● WORK TO COMPLETE
When you transcribe the listing that follows, keep every line exact and omit the pictures.

● DATA PROVIDED
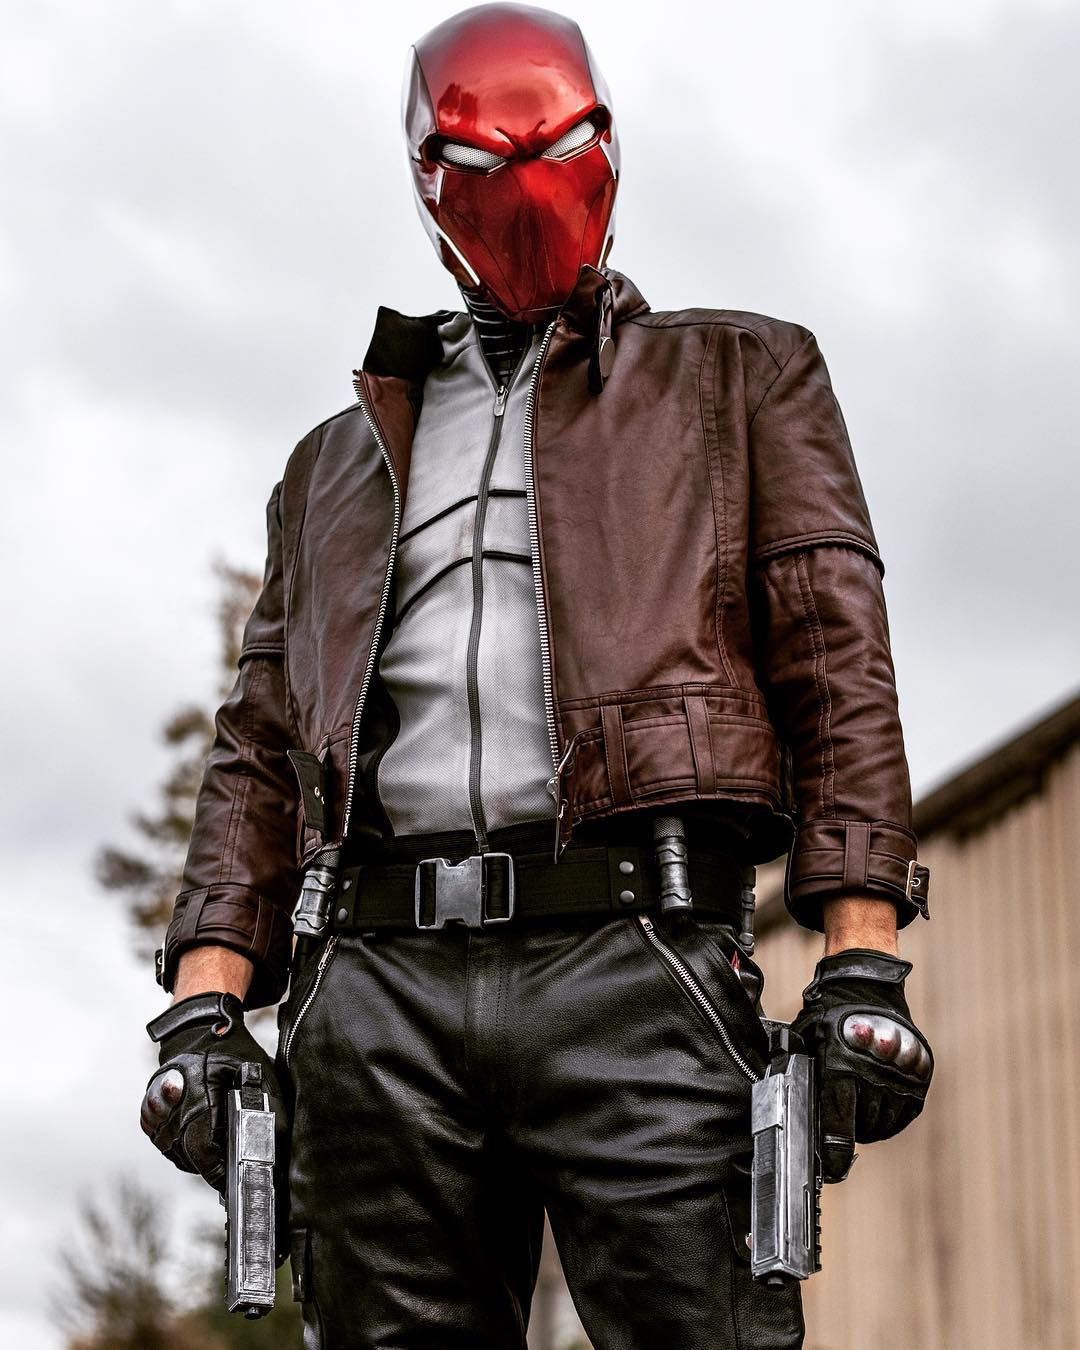 Jensen Ackles Red Hood
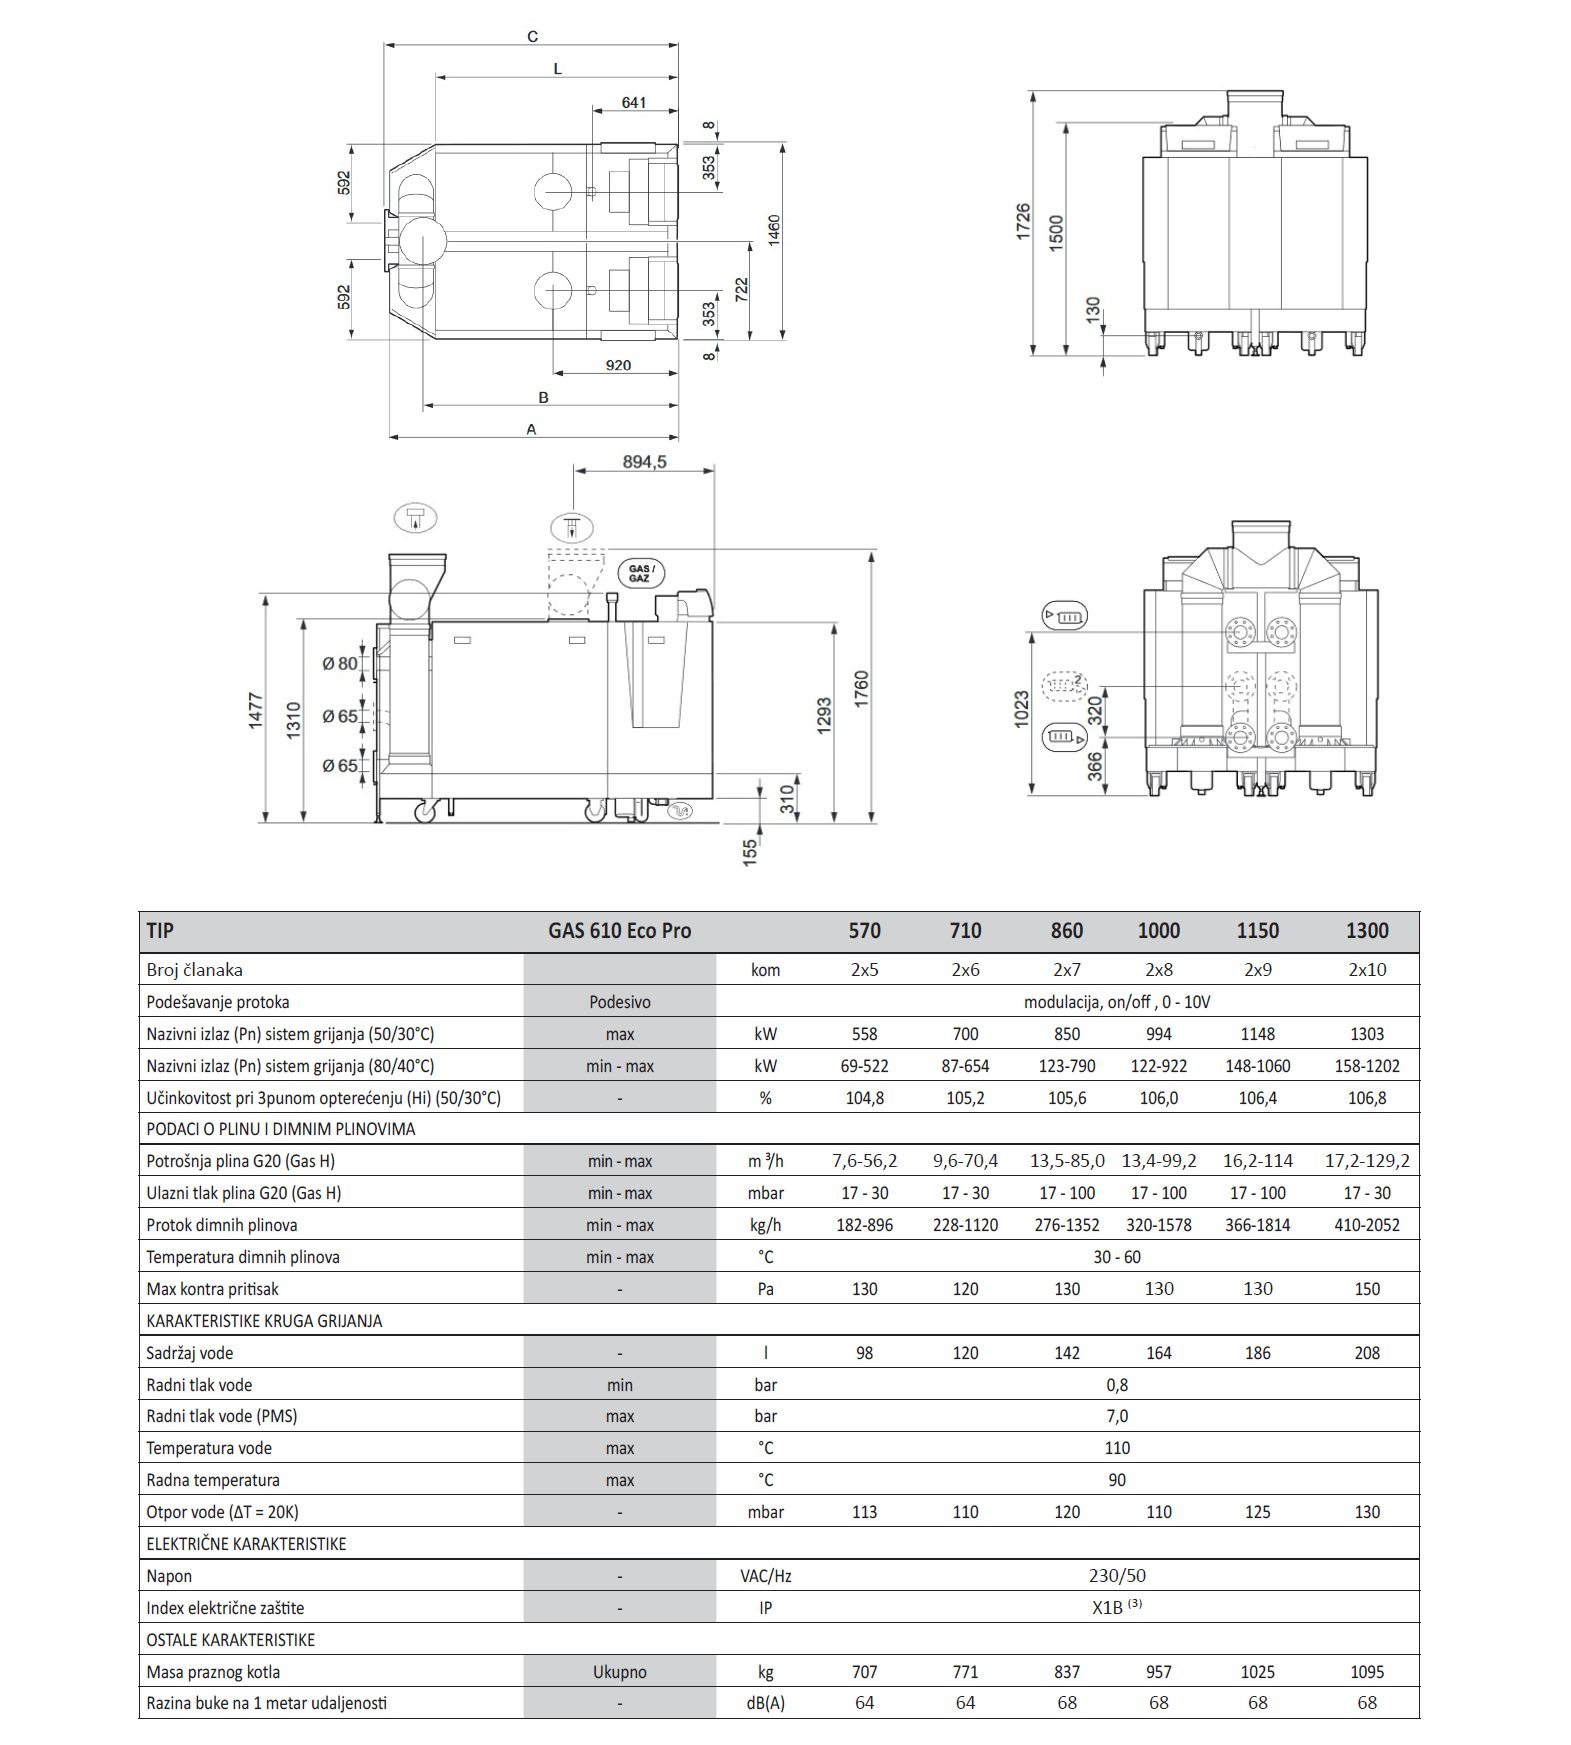 GAS 610 ECO PRO
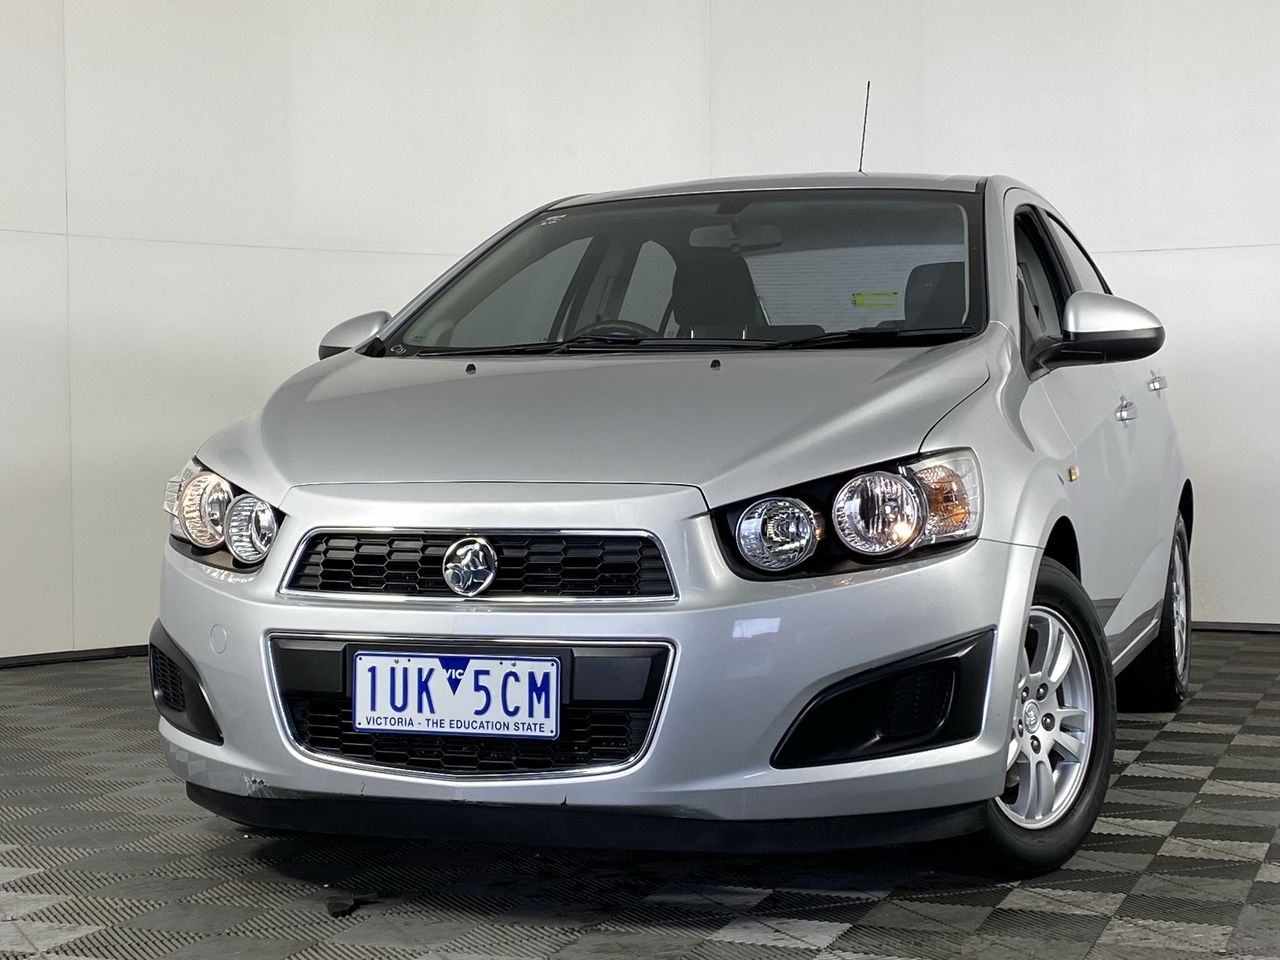 2014 Holden Barina TM Automatic Sedan - 45244km only

● YOUR RESPONSE
 Jensen Ackles Red Hood
 GAS 610 ECO PRO
 2014 Holden Barina TM Automatic Sedan - 45244km only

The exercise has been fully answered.